The law firm of Kirby McInerney LLP announces that a class action lawsuit has been filed in the U.S. District Court for the Northern District of California on behalf of those who acquired Outset Medical, Inc. (“Outset”) (NASDAQ: OM) common stock from September 15, 2020 through June 13, 2022, both dates inclusive (the “Class Period”). Investors have until September 6, 2022 to apply to the Court to be appointed as lead plaintiff in the lawsuit.
Outset Medical is a medical technology company focused on kidney dialysis, the primary treatment for acute and chronic kidney failure. The Company’s flagship product is the Tablo Hemodialysis System (“Tablo”). Tablo is a dialysis machine that purifies tap water and then artificially purifies and removes toxins from the blood of patients suffering from kidney failure.
On May 5, 2022, the Company announced disappointing results for the first quarter of 2022, which analysts attributed, inter alia, to the untested nature of Tablo in the home setting. On this news, the price of Outset Medical common stock declined by $7.39 per share, or approximately 18.50%, from $39.94 per share to close at $32.55 per share on May 5, 2022.
On June 13, 2022, Outset Medical announced that the Food and Drug Administration (“FDA”) had forced the Company to hold all shipments of Tablo for use in the home until Tablo received proper regulatory clearance.
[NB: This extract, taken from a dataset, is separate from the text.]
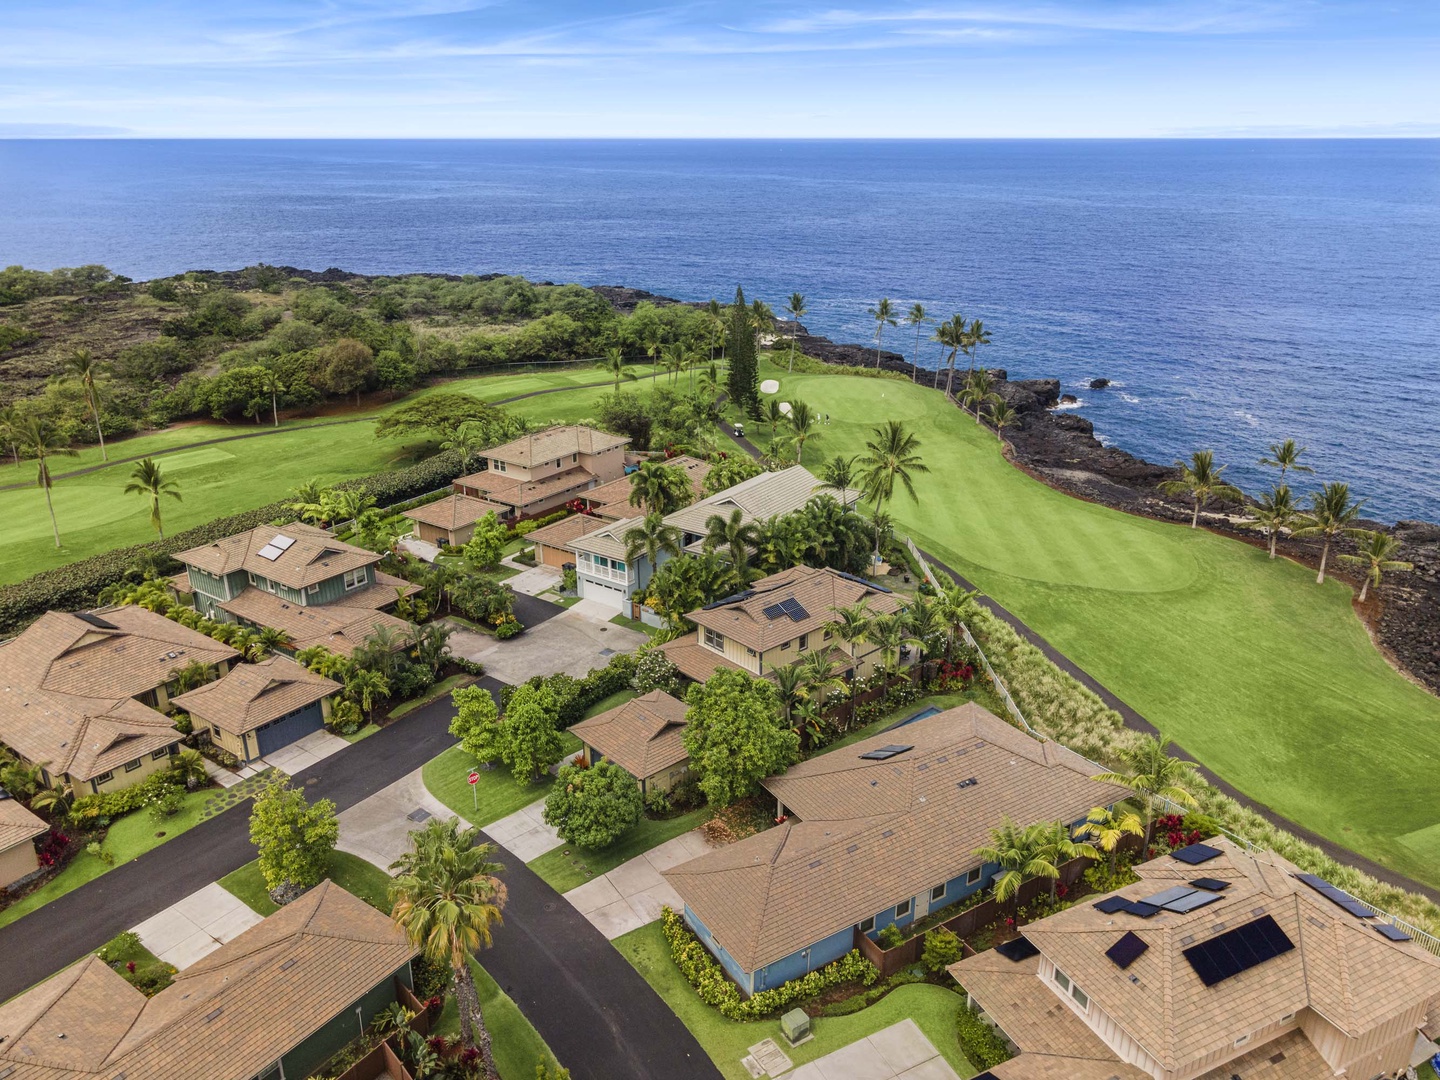 Kailua Kona Vacation Rentals, Holua Kai #20 - Aerials of the home and surrounding neighborhood
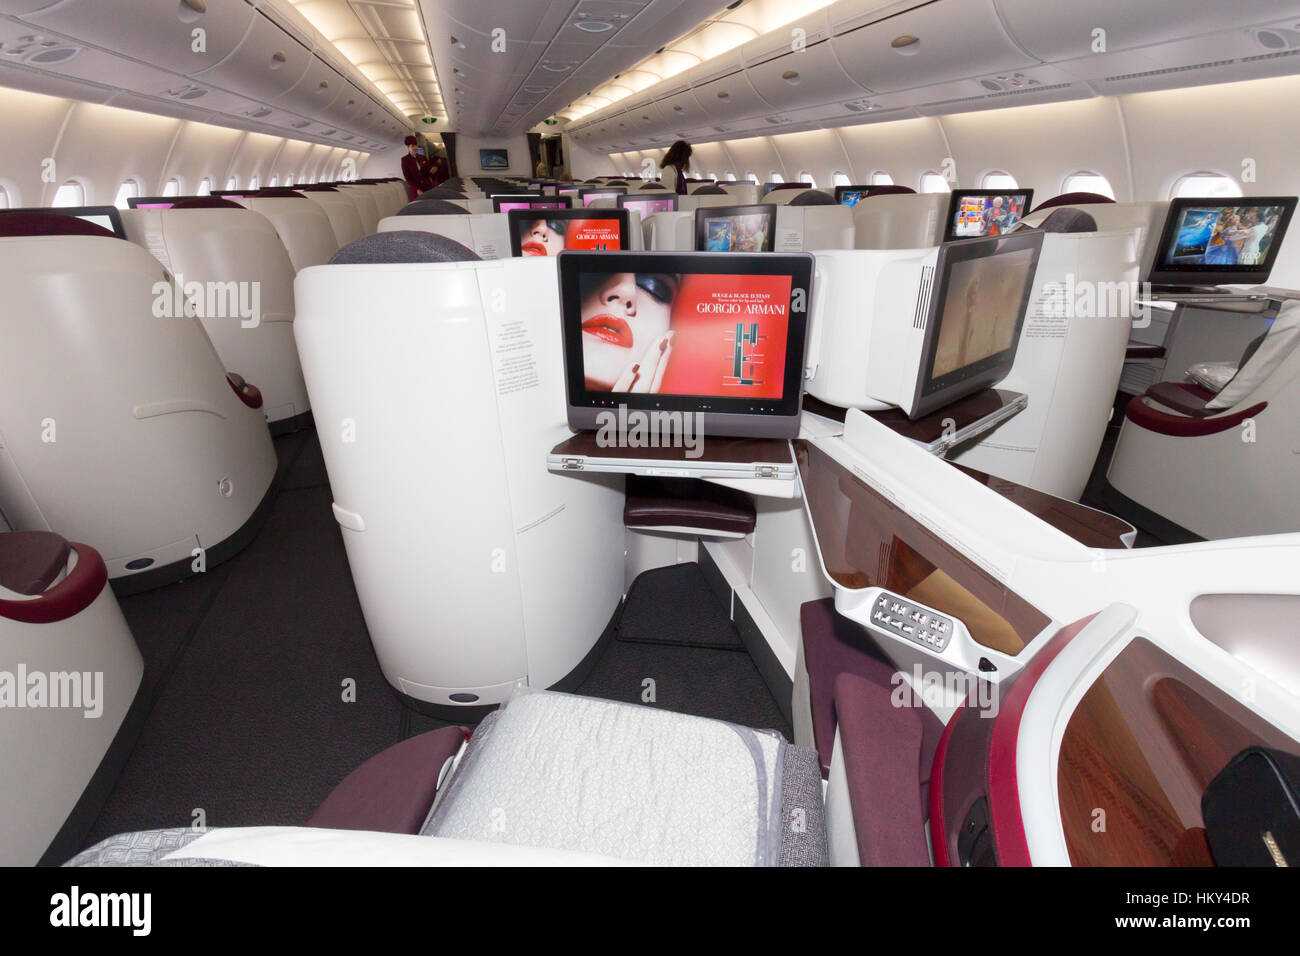 Parigi - giu 18, 2015: Layout di Business Class di Qatar Airways Airbus A380. L'A380 è il più grande aereo di linea di passeggeri in tutto il mondo. Foto Stock

During an “FDA Review Call” held that day with analysts, the Defendants acknowledged the “ship hold” had already been in place for weeks before investors were provided this material information, and that as a result of the shipment hold, the Company was “suspending our prior full-year and long-term guidance.” On this news, the price of Outset Medical stock declined by $6.95 per share, or approximately 34.05%, from $20.41 per share to close at $13.46 per share on June 14, 2022.
The lawsuit alleges throughout the Class Period, Defendants made false and/or misleading statements and/or failed to disclose that: (1) Defendants had “continuously made improvements and updates to Tablo over time since its original clearance” that required an additional 510(k) application; (2) as a result, the Company could not conduct a human factors study on a cleared device in accordance with FDA protocols; (3) the Company’s inability to conduct the human factors study subjected the Company to the likelihood of the FDA imposing a “shipment hold” and marketing suspension, leaving the Company unable to sell Tablo for home use; and (4) as a result, Defendants’ positive statements about the Company’s business, operations, and prospects were materially false and misleading and/or lacked a reasonable basis at all relevant times.